» Aim of the exercise:
When you reach the line that contains "Steelmaster. 200200C Coin", begin copying exactly and continue through the last line below. Do not copy pictures.

» Data block:
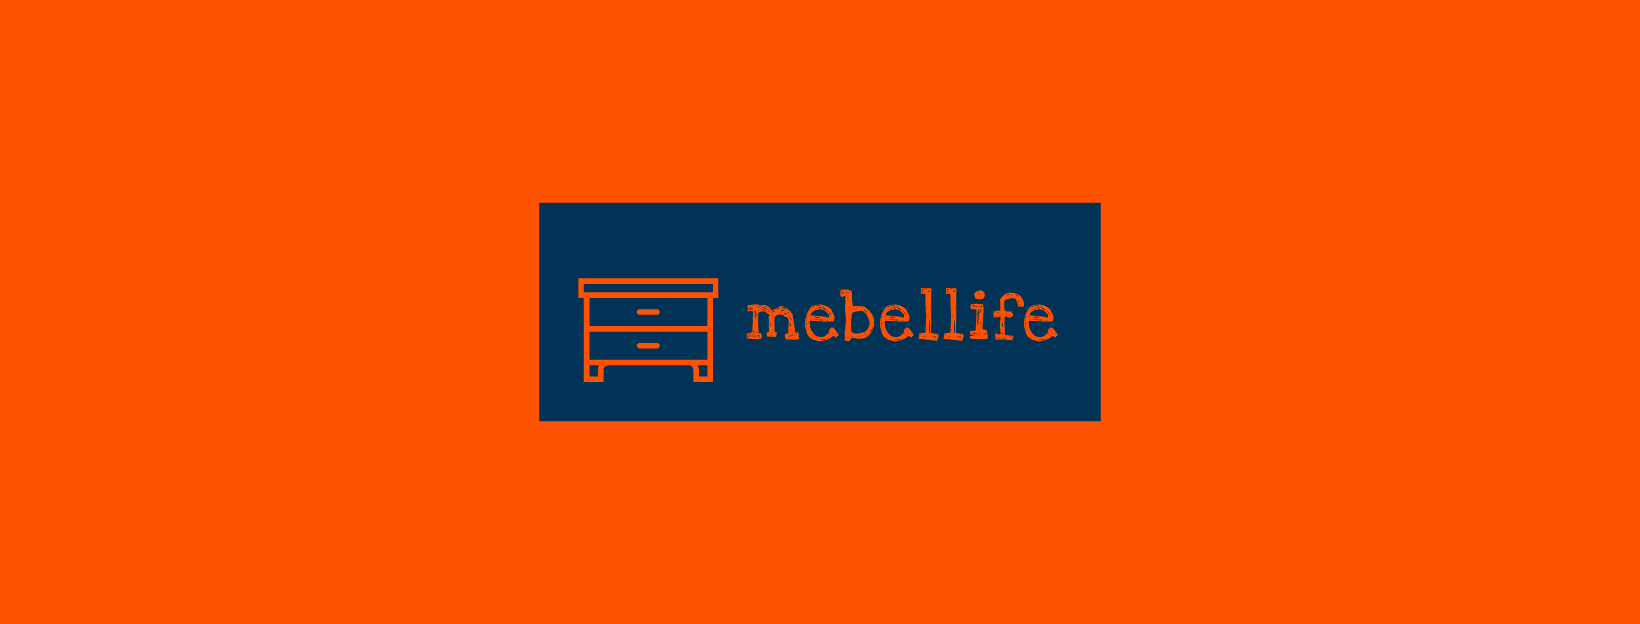 логотип-mebellife-facebook3
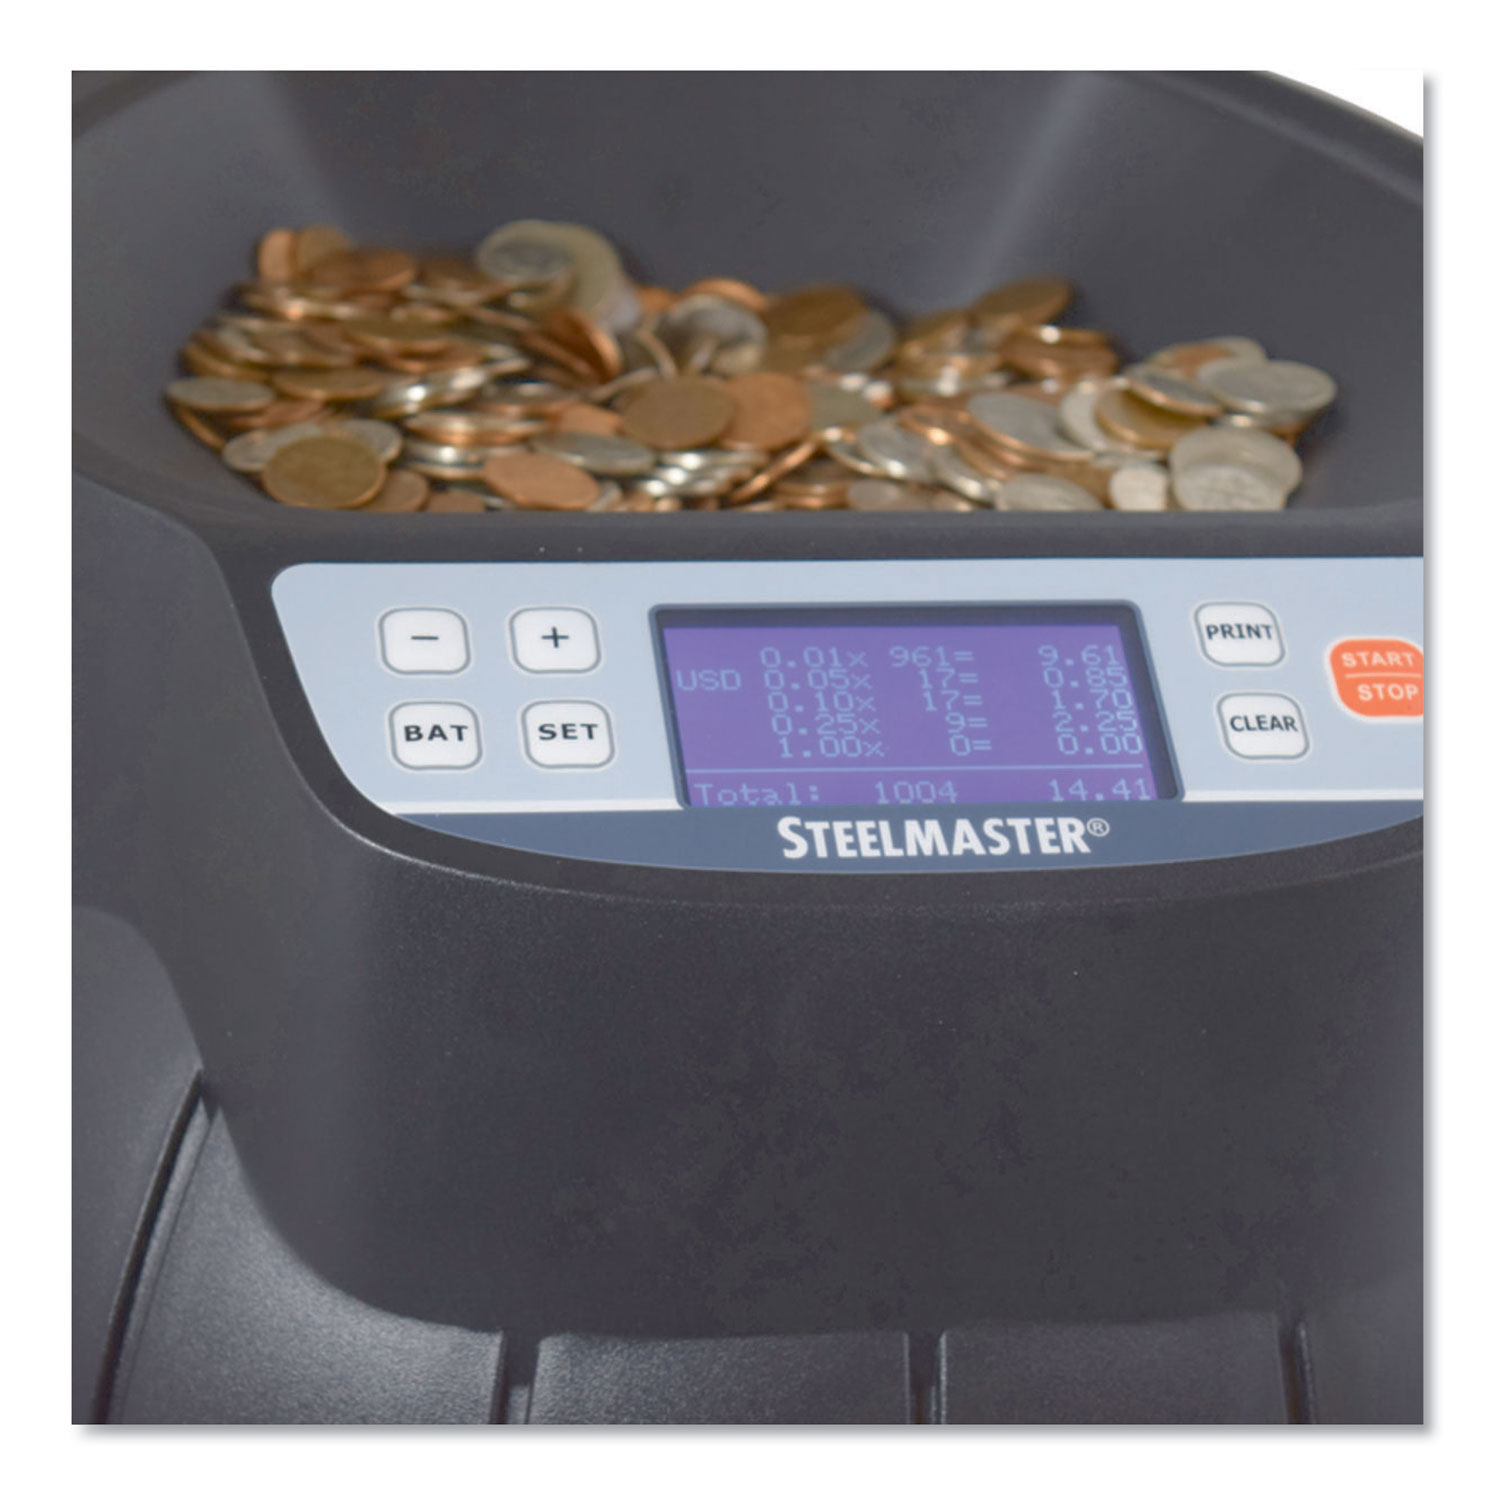 Steelmaster. 200200C Coin Counter/Sorter, Pennies Through Dollar Coins
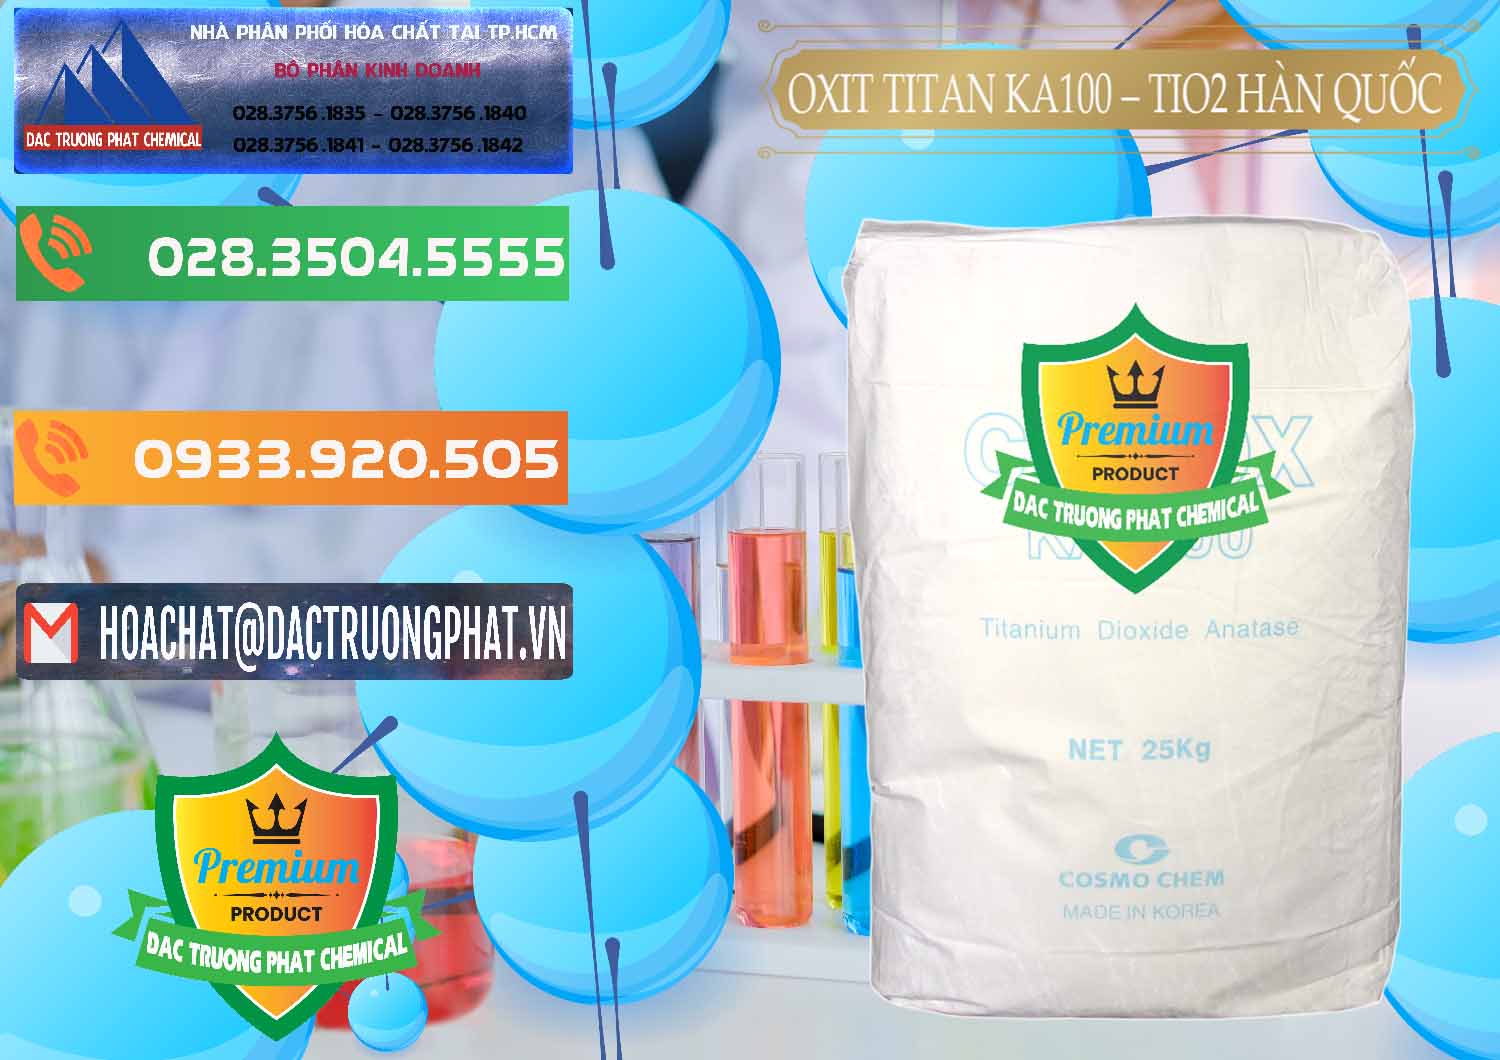 Cty chuyên cung cấp - bán Oxit Titan KA100 – Tio2 Hàn Quốc Korea - 0107 - Nơi chuyên cung cấp _ kinh doanh hóa chất tại TP.HCM - hoachatxulynuoc.com.vn

» Expected answer:
 Steelmaster. 200200C Coin Counter/Sorter, Pennies Through Dollar Coins
 Cty chuyên cung cấp - bán Oxit Titan KA100 – Tio2 Hàn Quốc Korea - 0107 - Nơi chuyên cung cấp _ kinh doanh hóa chất tại TP.HCM - hoachatxulynuoc.com.vn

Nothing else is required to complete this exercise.